Offesa a Eucaristia e suore. Cosa non si fa per vendere le patatine
Se si fosse sicuri della qualità e del proprio marchio basterebbe la parola (come recitava il Carosello del celebre «confetto che regola l’intestino»), ma evidentemente per le “chips” nate dall’italico genio di due amici, Alfredo Moratti e Andrea Romanò (e per questo chiamate con volo pindarico “Amica Chips”), c’è bisogno di altro. Più precisamente di provare a sfruculiare la sfera più intima dei possibili consumatori, che non è quella che si potrebbe supporre (parlando di patatine), ma il sentimento religioso. E cosa non si fa per venderle, le patatine.
Questi i fatti: su Youtube si trova la nuova “pubblicità regresso” di Amica Chips, in cui, sopra le note dell’Ave Maria di Schubert suonata all’organo, le candide novizie si apprestano a ricevere l’Eucaristia dalle mani del sacerdote. Intanto in sacrestia la madre superiora si è accorta che nel tabernacolo la pisside è vuota di ostie. La scena torna in chiesa mentre la prima novizia riceve il corpo di Cristo che però, a osservarlo bene, è una patatina: così croccante (ecco il messaggio pubblicitario) da risuonare tra le navate con un sorprendente scrocchio, e così buona (secondo messaggio) che la suorina sorride sgranando gli occhi per il piacere e il sacerdote esterrefatto scopre la pisside ripiena di chips. Gli sguardi di tutti a quel punto convergono sulla colpevole, la corpulenta superiora che seduta in sacrestia scrocchia a sua volta ingurgitando patatine dal pacchetto reclamizzato, mentre una voce recita «Amica Chips, il divino quotidiano».

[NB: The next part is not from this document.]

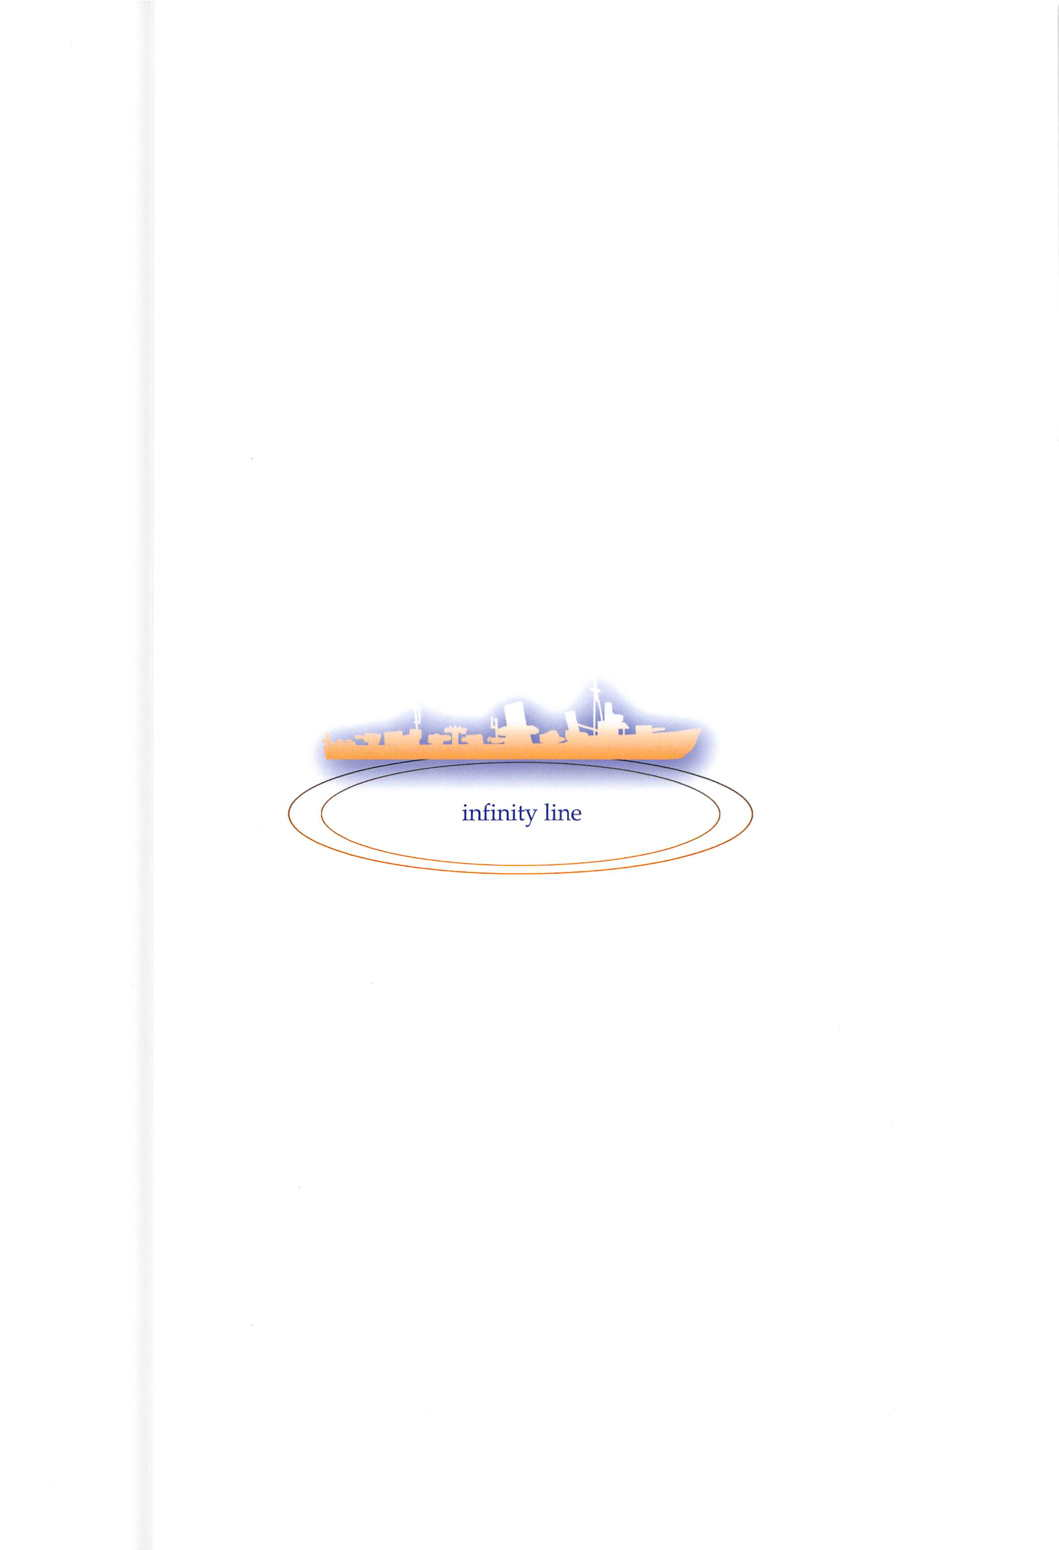 【艦これ エロ漫画・エロ同人】みんなと旅行に来てロリなヴェールヌイとこっそりエッチする提督wアナルセックスまでしちゃってるしwww (22)

Questa la versione digitale dello spot, mentre sui canali televisivi vanno in onda, su richiesta delle stesse reti, altre due versioni più edulcorate: una in cui non si vede cosa offra il sacerdote, restando così nell’ambiguità, e un’altra in cui invece il prete offre una vera ostia. Niente di nuovo, insomma, solo il refrain di provocazioni trite e ritrite, in cui si pensa che vendere faccia rima con offendere. E che il terreno più fertile dell’offesa sia proprio il credo religioso. Appartiene al millennio passato (primi anni Settanta) il famigerato slogan «Chi mi ama mi segua» e «Non avrai altro jeans all’infuori di me», manco a dirlo pubblicità della linea Jesus Jeans, seguìto a ruota da una serie infinita di banali tentativi di smerciare ogni sorta di prodotto utilizzando i simboli cristiani.
La marca di patatine, quindi, se voleva farsi notare doveva alzare il tiro e così è andata oltre, superando il confine del buon gusto e soprattutto del lecito. Perché qui non si tratta di giochi di parole tutto sommato anche simpatici, ma di ironizzare sull’Ostia consacrata, che è il Santissimo. Certamente (vogliamo crederlo), gli ideatori dello spot non conoscono la materia e hanno agito per sonora ignoranza, più che per consapevole blasfemia, ma nulla giustifica una tale mancanza, specialmente in un’epoca in cui è ormai evidente che la convivenza tra i popoli funziona solo laddove il rispetto è reciproco per qualunque confessione.
L’Aiart, l’associazione degli spettatori radiotelevisivi cattolici nata al fine di tutelare i valori della libertà e della dignità di ogni persona, ha chiesto la sospensione dello spot, segnalandolo all’Istituto di Autodisciplina pubblicitaria. Buffo il fatto che l’agenzia pubblicitaria si difenda autoaccusandosi, di fatto, di aver scopiazzato: «Si vuole rappresentare, senza fraintendimenti di tipo religioso, una situazione da fiction – si legge in una nota – già abbondantemente trattata nella cinematografia e nella pubblicità».
Insomma, ignoranti e pure poco originali? Tra l’altro il messaggio più evidente è che la pasionaria dello snack fritto, la madre superiora, è abbondantemente sovrappeso e pure poco sveglia. Che le patatine ingrassino e facciano male? Vade retro, Amica Chips.